This blog is not going the way I want it to go. It started with the idea of palimpsest but I knew that was not quite right almost straight away. I liked the word because I liked the concept and I had come across it for the first time. The thrill of discovery. But I am not trying to scrape anything off and start again. Au contraire. Or maybe I’m trying to scrape through layers in places to recover what is underneath.
Originally, I thought the blog could serve to create a kind of “de facto mappemonde clignotante” – a set of master signifiers, nodes, the semantic/emotional poles I would like to capture/describe/put in place. The hotspots of my psychic/inner life.

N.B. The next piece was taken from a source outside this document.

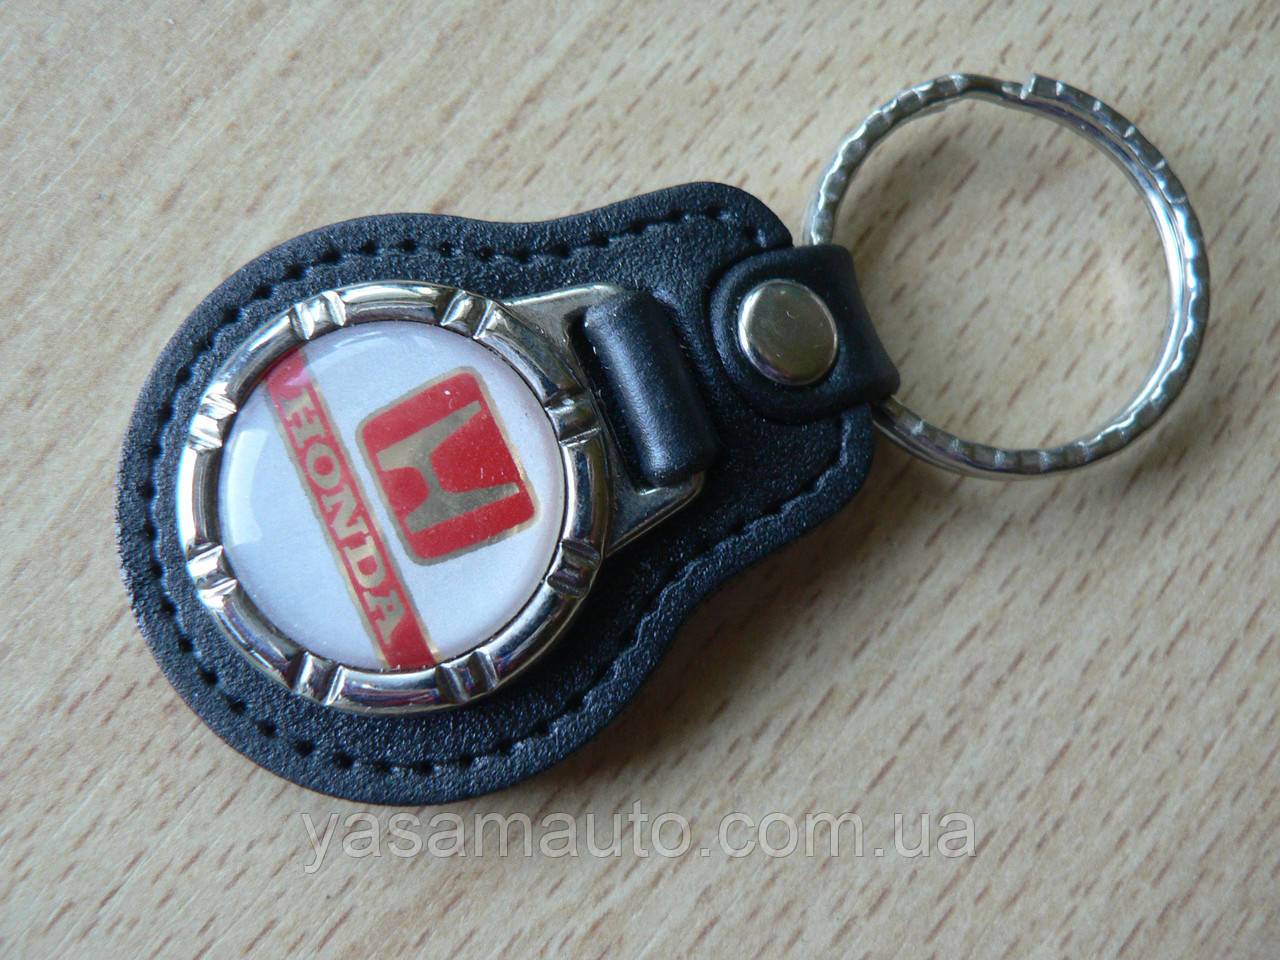 Брелок кожзам округлый HONDA  логотип эмблема Хонда автомобильный на авто ключи комбинированный

Here a colour, there a word, song, poem, or smell… what makes me me and not someone else, (and at the same time, perhaps, what prevents me from being happy about it).
I wrote in my analysis diary: “The other day I was thinking of one of them – duck blue (or teal) and I thought I could feel the energy blinking, like Christmas tree lights, they all blink and if one single bulb fuses they all go out, and how do you find which one it is but that’s not what I felt, I felt that once all my spots were blinking like a Christmas tree or map of some kind it did not serve any purpose, in fact it served a counter purpose, the only purpose it served was to fascinate me… and prevent me from actually making my way. Fascinate me in the morbid sense, like narcissus, keep me leaning over my own image my own self, my own ego, instead of engaging with the world or at least with the world of words other than in relation to my own pitiful personality or emotional problems.”
Then later: “The mappemonde clignotante is useless - it just flashes like a pinball table. I want to put a full stop on what I have been. And start a new paragraph, sentence, chapter, book.”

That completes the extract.